The study was conducted in a mixed-model HMO with 275,000 members. The disease management program included a Steering Committee, clinical guidelines, primary care site-based diabetes education, coverage of glucose meters and strips, simplified outcomes reporting, and support of clinical leadership. Data were obtained for 5332 continuously enrolled patients who voluntarily entered the disease management program; 3291 patients (61.7%) received 3 months or more of follow-up, and 663 (12.4%) received 1 year or more of follow-up. The primary outcomes were change from baseline of mean hemoglobin A1c (HbA1c) and medication use after 3 months and 1 year of follow-up.

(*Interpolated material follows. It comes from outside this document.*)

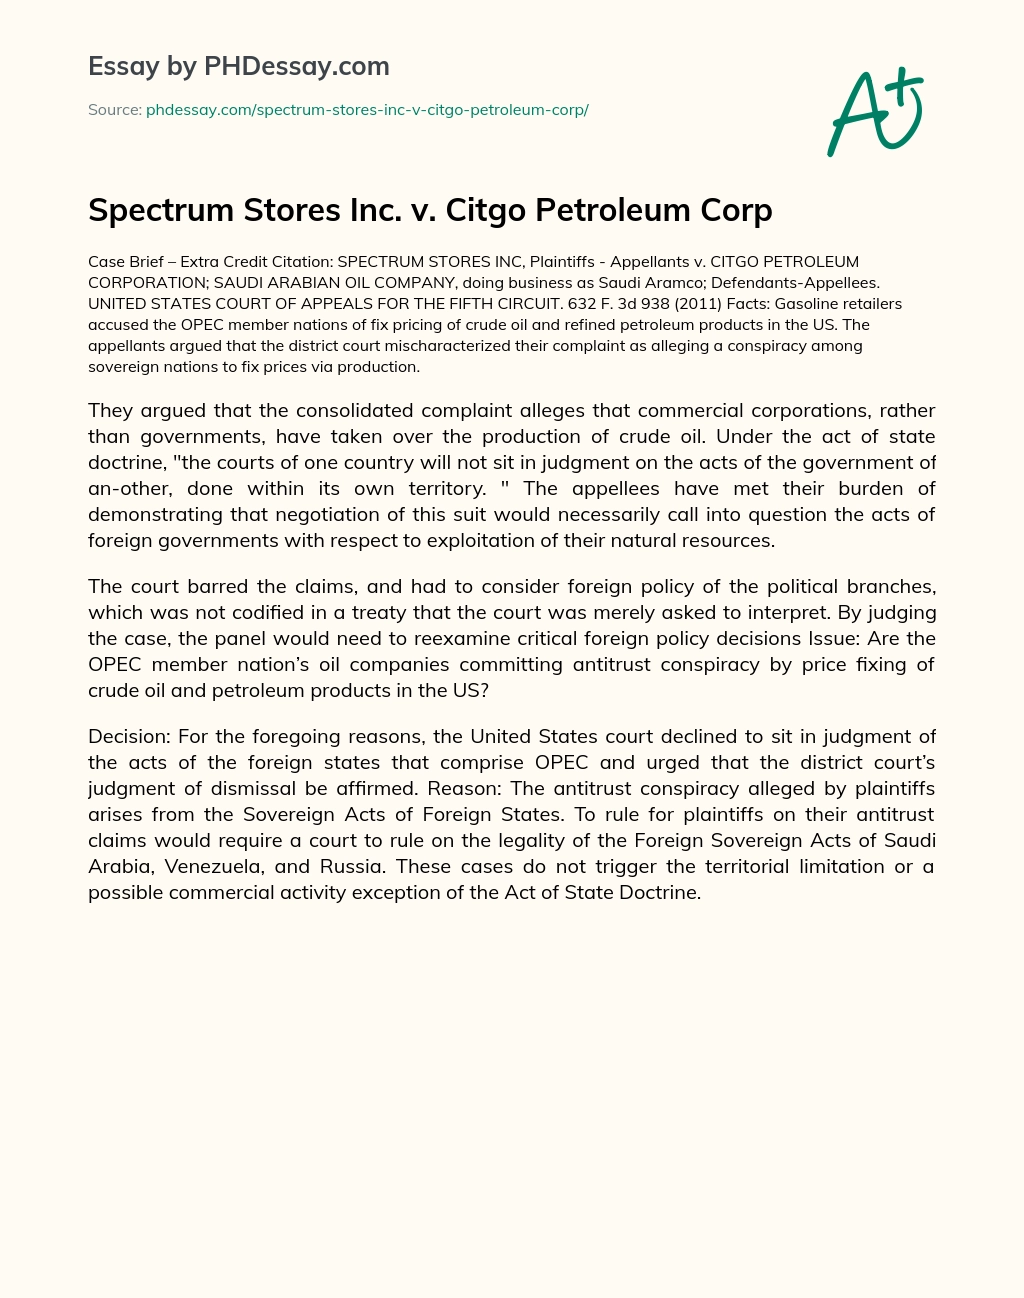 Spectrum Stores Inc. v. Citgo Petroleum Corp essay

The mean baseline HbA1c for all program participants was 8.51% (standard deviation [SD] = 1.86%). At 3 months of follow-up, the mean HbA1c value for 2794 of 3291 participants (84.0%) had decreased to 7.41% (SD = 1.33%; P = .0001). At 1 year of follow-up, the HbA1c value, available for 605 of 663 patients (91.3%), had decreased from a mean baseline value of 8.76% (SD = 1.87%) to 7.41% (SD = 1.24%; P = .0001). Among 663 patients with 1 year of follow-up, insulin use increased from 30.0% to 31.6%, and sulfonylurea use decreased from 40.7% to 33.8%. Troglitazone and metformin use increased from 7.7% and 23.8%, respectively, to 16.4% and 28.8%, respectively.


Our data suggest that a multifaceted disease management program for diabetes can result in significant short-term improvements in glycemic control in the managed care setting. While the improvement in the HbA1c was accompanied by an increase in the use of insulin, troglitazone, and metformin, we suggest the influence of disease management on glycemic control among our participants was significant and should be considered in future studies in this area.